::: EXCERPTED DATA

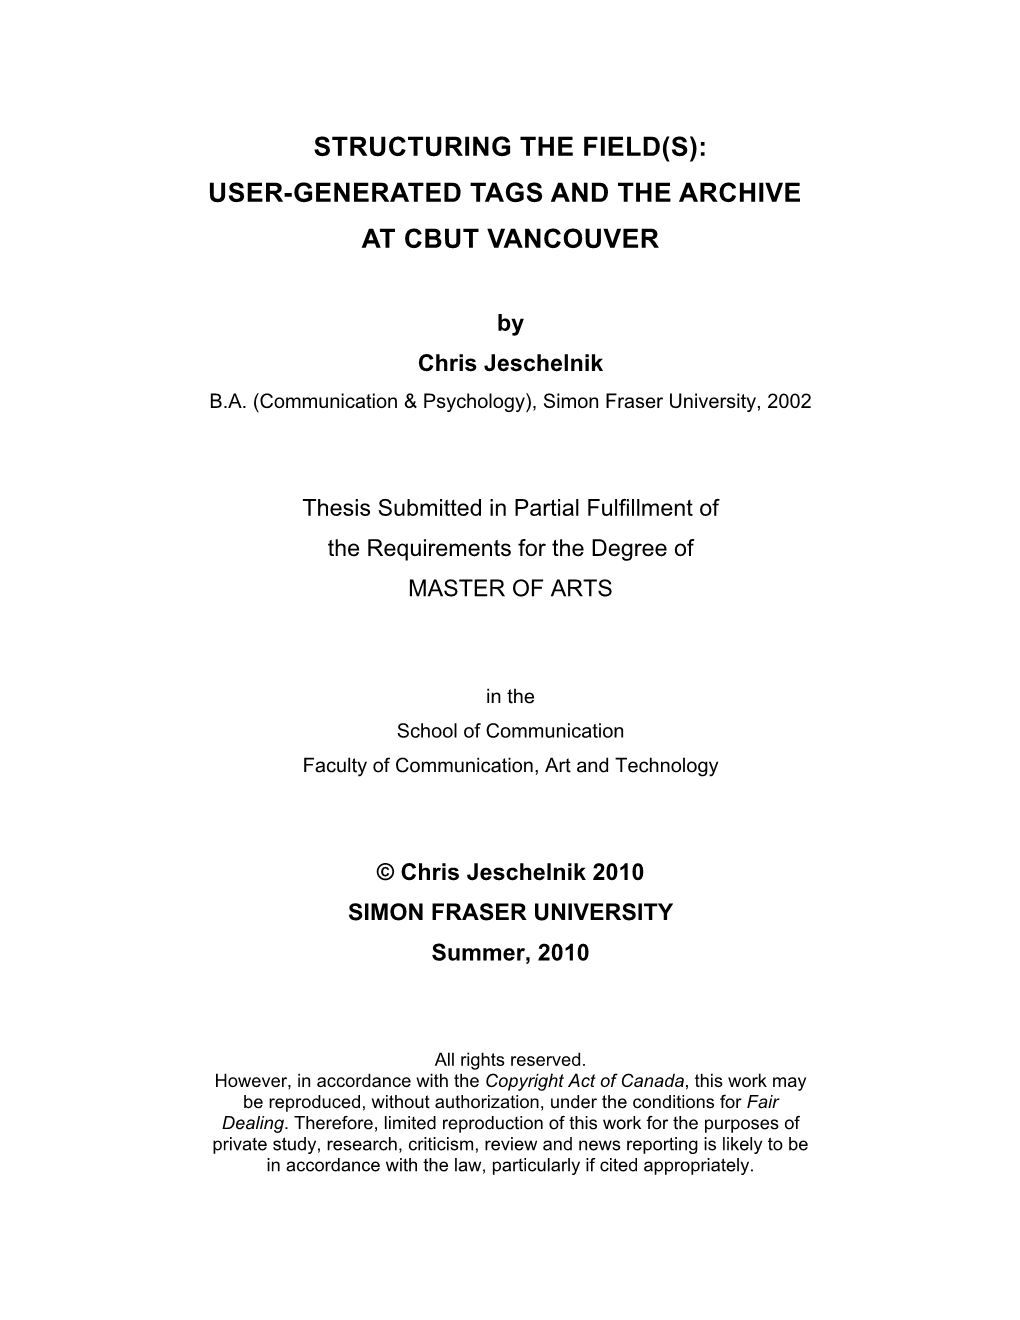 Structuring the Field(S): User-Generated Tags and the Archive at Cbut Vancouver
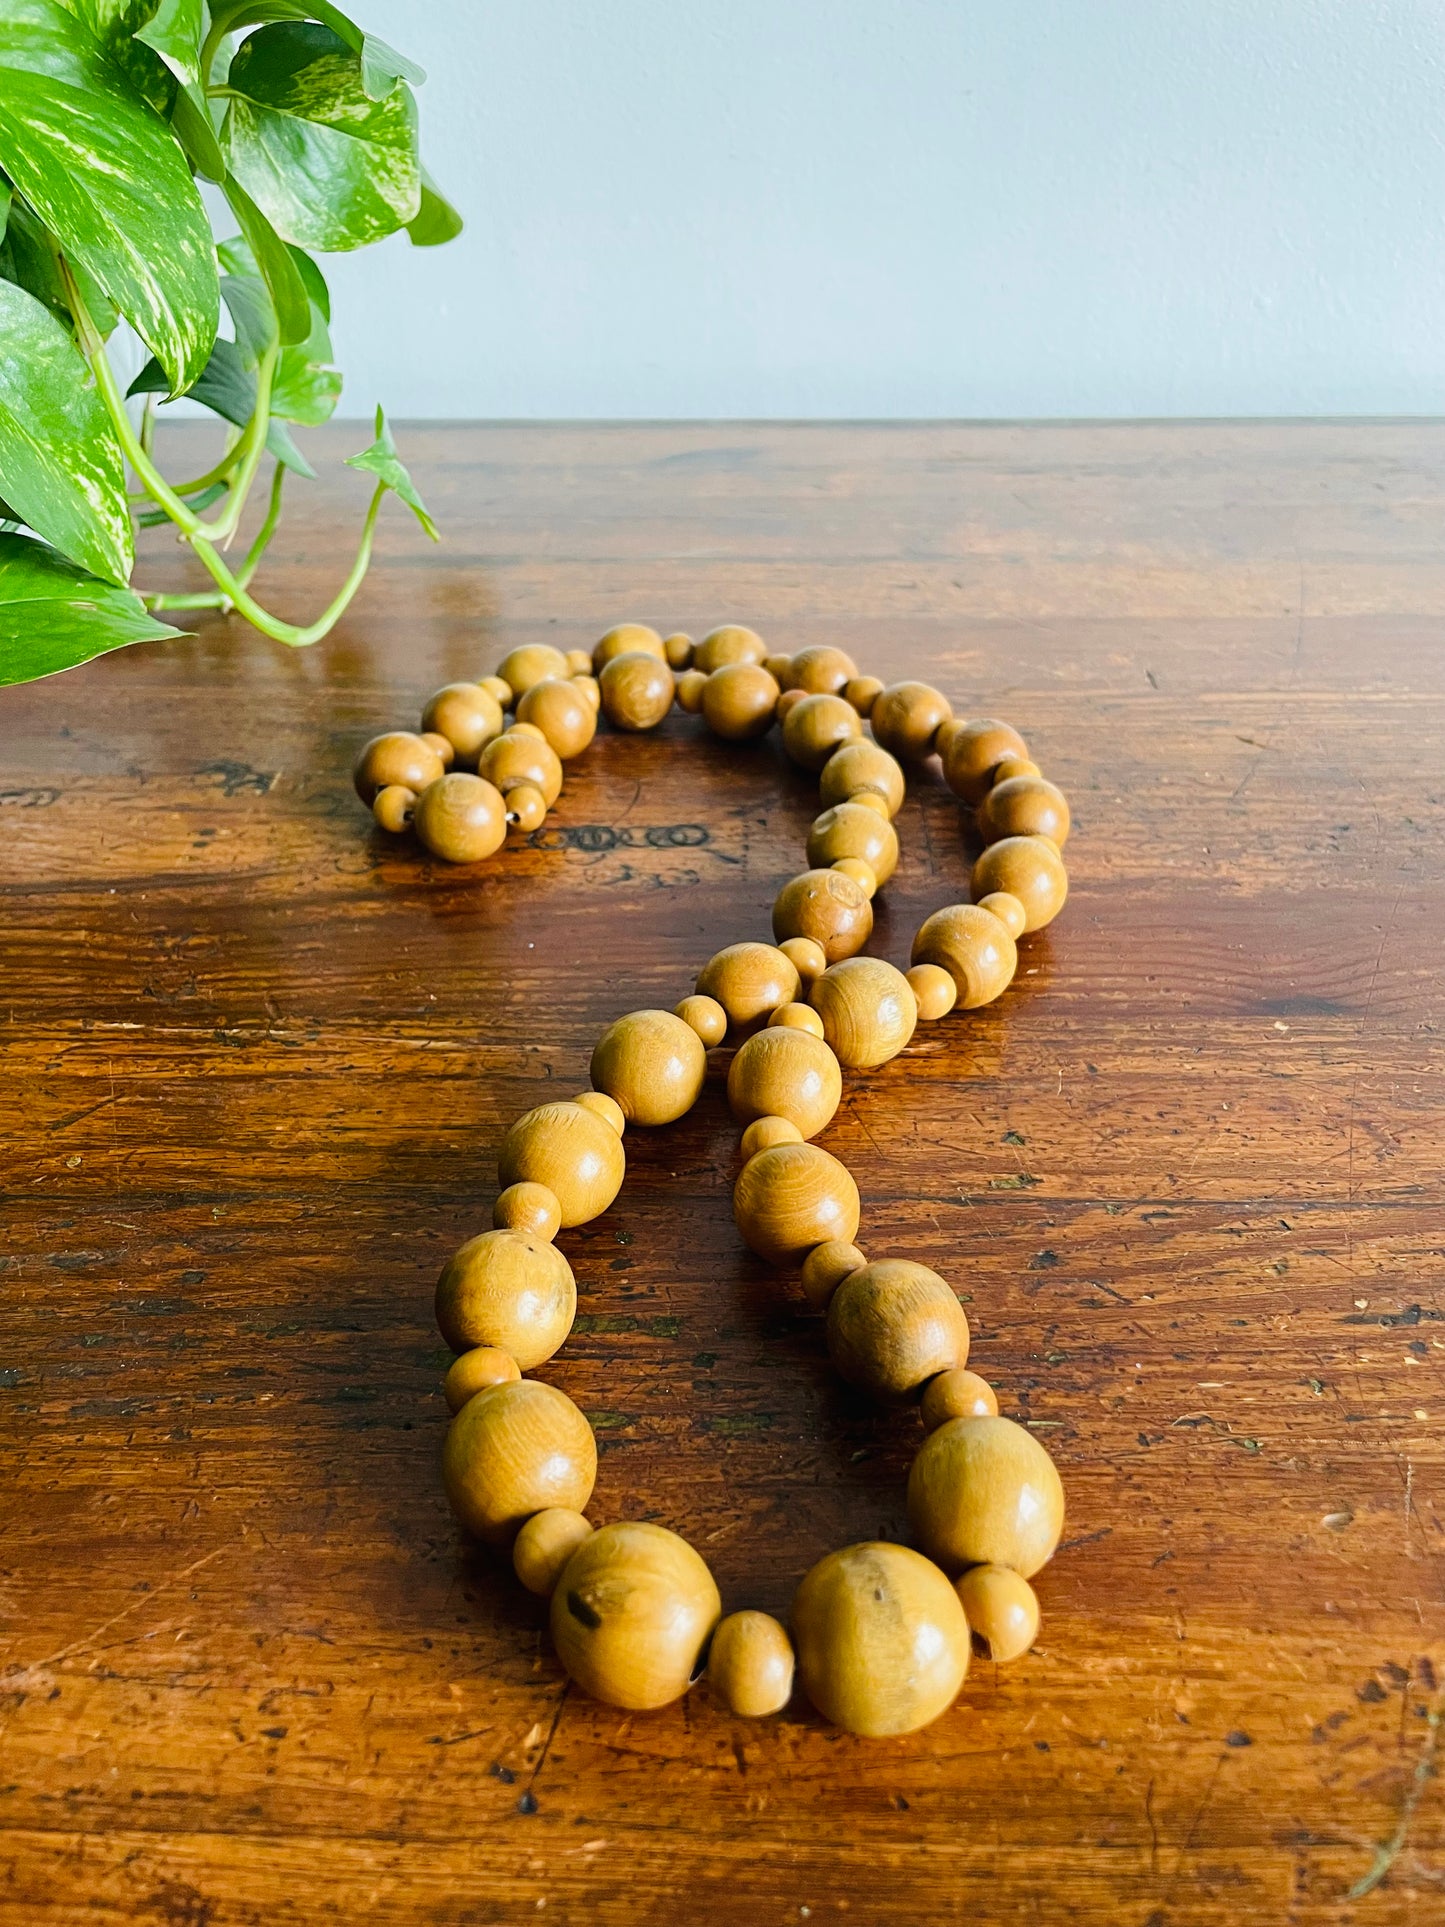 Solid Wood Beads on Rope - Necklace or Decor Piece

::::::
::: EXCERPTED DATA

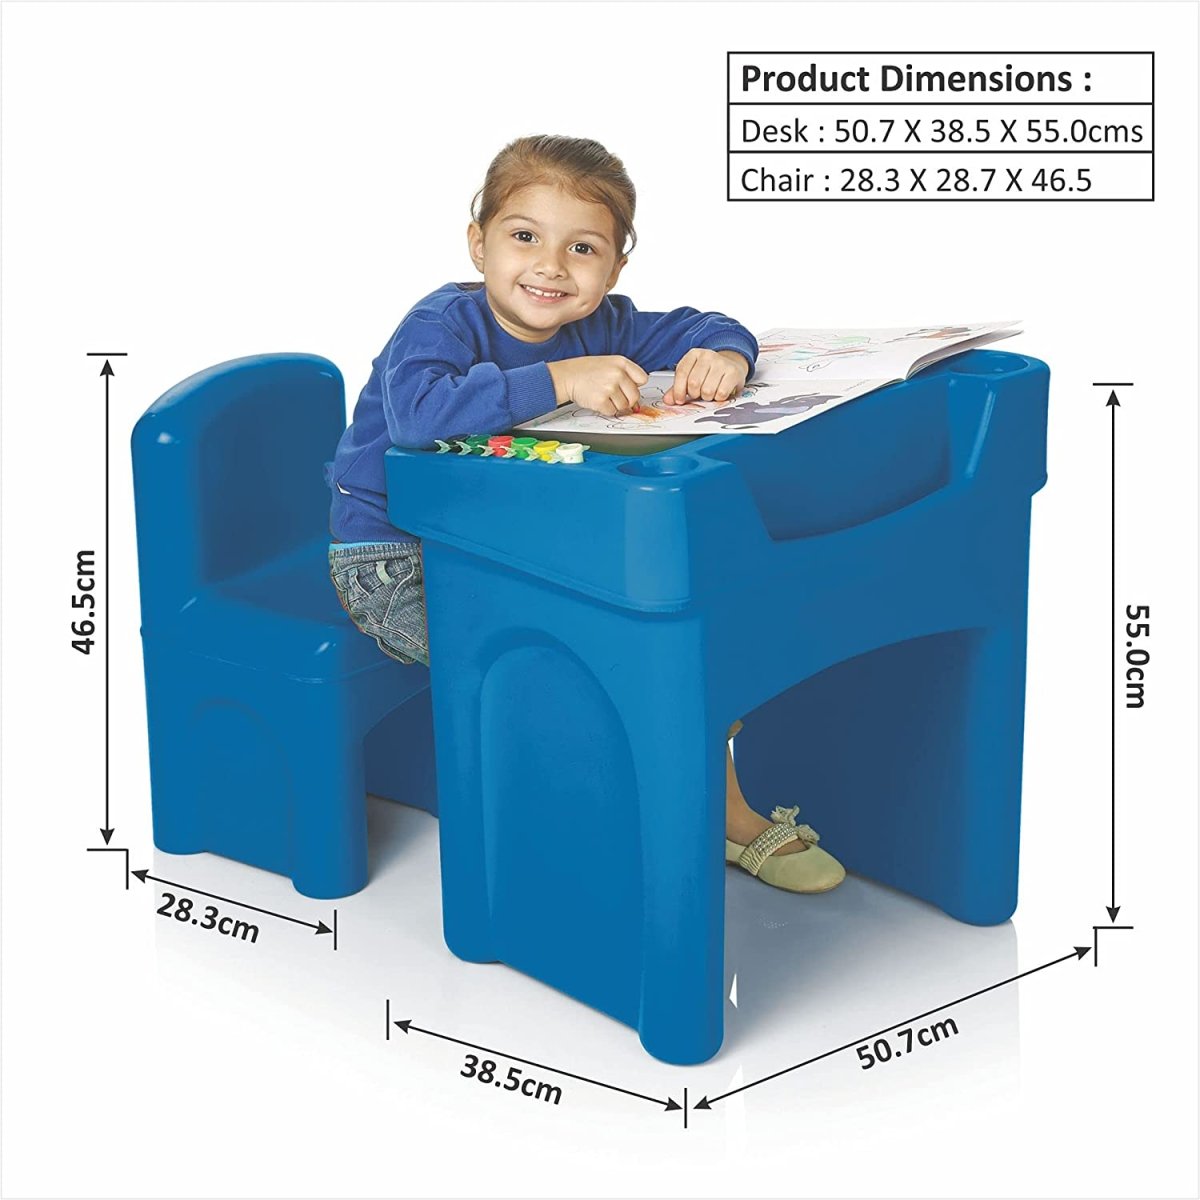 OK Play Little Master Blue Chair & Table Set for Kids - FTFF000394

::::::

▶ **THE TASK**: Please output, exactly as written, the lines above from the one holding "Structuring the Field(S): User-Generated" through the one holding "Solid Wood Beads", both included, with the pictures omitted.

▶ **ANSWER BELOW**:
 Structuring the Field(S): User-Generated Tags and the Archive at Cbut Vancouver
 Solid Wood Beads on Rope - Necklace or Decor Piece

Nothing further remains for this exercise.